Justin-1992 hat gesagt.:


> Habt ihr vill. die passenden Treiber?


Wir wohl nicht, aber evtl. Lenovo (IBM)?!

Gruss Dr Dau


----------



## Justin-1992 (28. Februar 2010)

Die hae ich ja schon ausprobiert...


----------



## next1 (28. Februar 2010)

Hallo, 
auf der Unterseite deines T42 steht eine Typ-Nr....... (2373-7WG)..... 
soviel ich weis haben alle T42 mit der Nr. 2373 usw einen Intel PRO/Wireless 2200BG Network Connection Chipsatz . bzw einen Intel PRO/1000 MT Mobile Connection für´s LAN eingebaut.... wenn du etwas anderes verbaut haben solltes, dann hast du das evtl. selbst eingebaut oder der wo du das ThinkPad her hast...dann solltest du vielleicht einmal auf der Herstellerseite anschschauen.....
Alle IBM /Lenovo Treiber kommst bei Lenovo auf der Webseite unter:
http://www.lenovo.com/de/de/
-Downloads&Treiber
unter Angabe der Gerätedaten den passenden Treiber...............

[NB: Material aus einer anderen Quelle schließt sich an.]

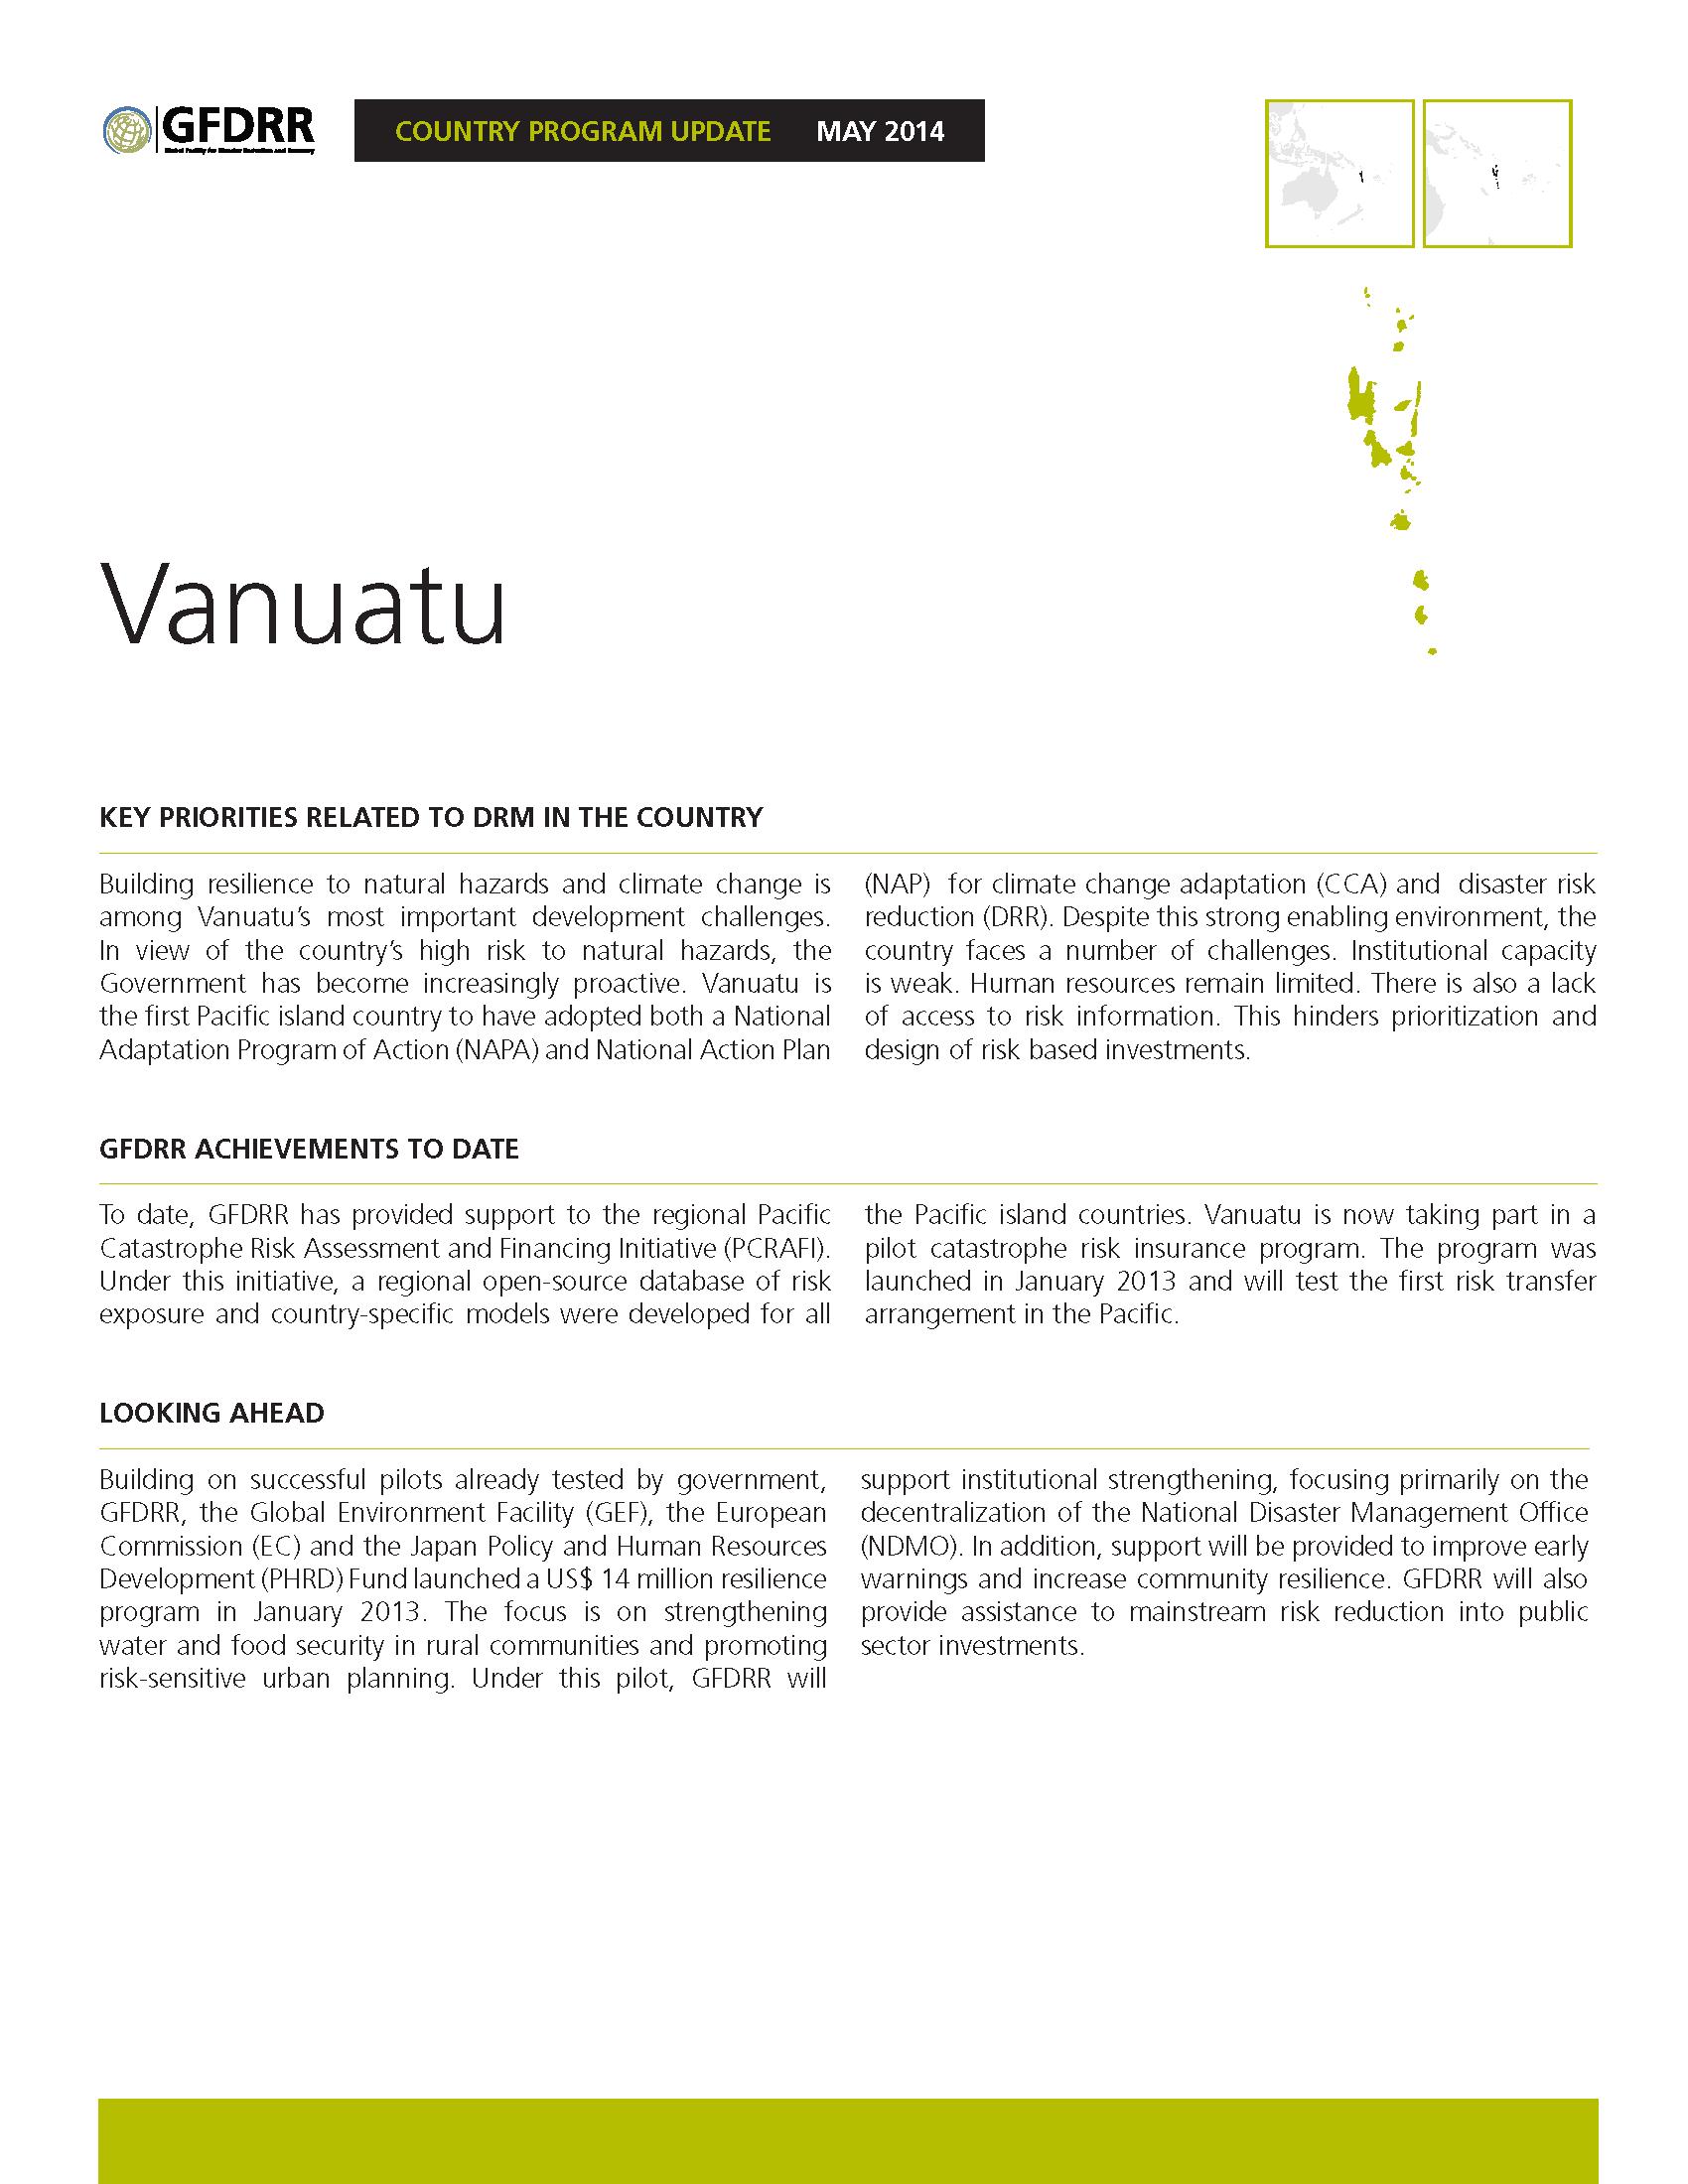 Vanuatu dating sites

du kanst mir aber auch schreiben welchen Geräte-Type hast und ich schicke direvtl. die passenden Treiber, da ich mehrere ThinkPad habe (T43, T43, T41)

gruß
Dieter


----------



## Justin-1992 (28. Februar 2010)

So.. habe jetzt die passenden Treiber installiert..denke ich.

Lan geht.

W-Lan geht.

Nur bei PCI-Modem steht noch nen ? vor.
Aber ich glaube das dingen brauch ich gar nicht^^

So ich hab dann mal zutun.... Avast..Mozilla...ICQ.....Adobe...

Mfg.


----------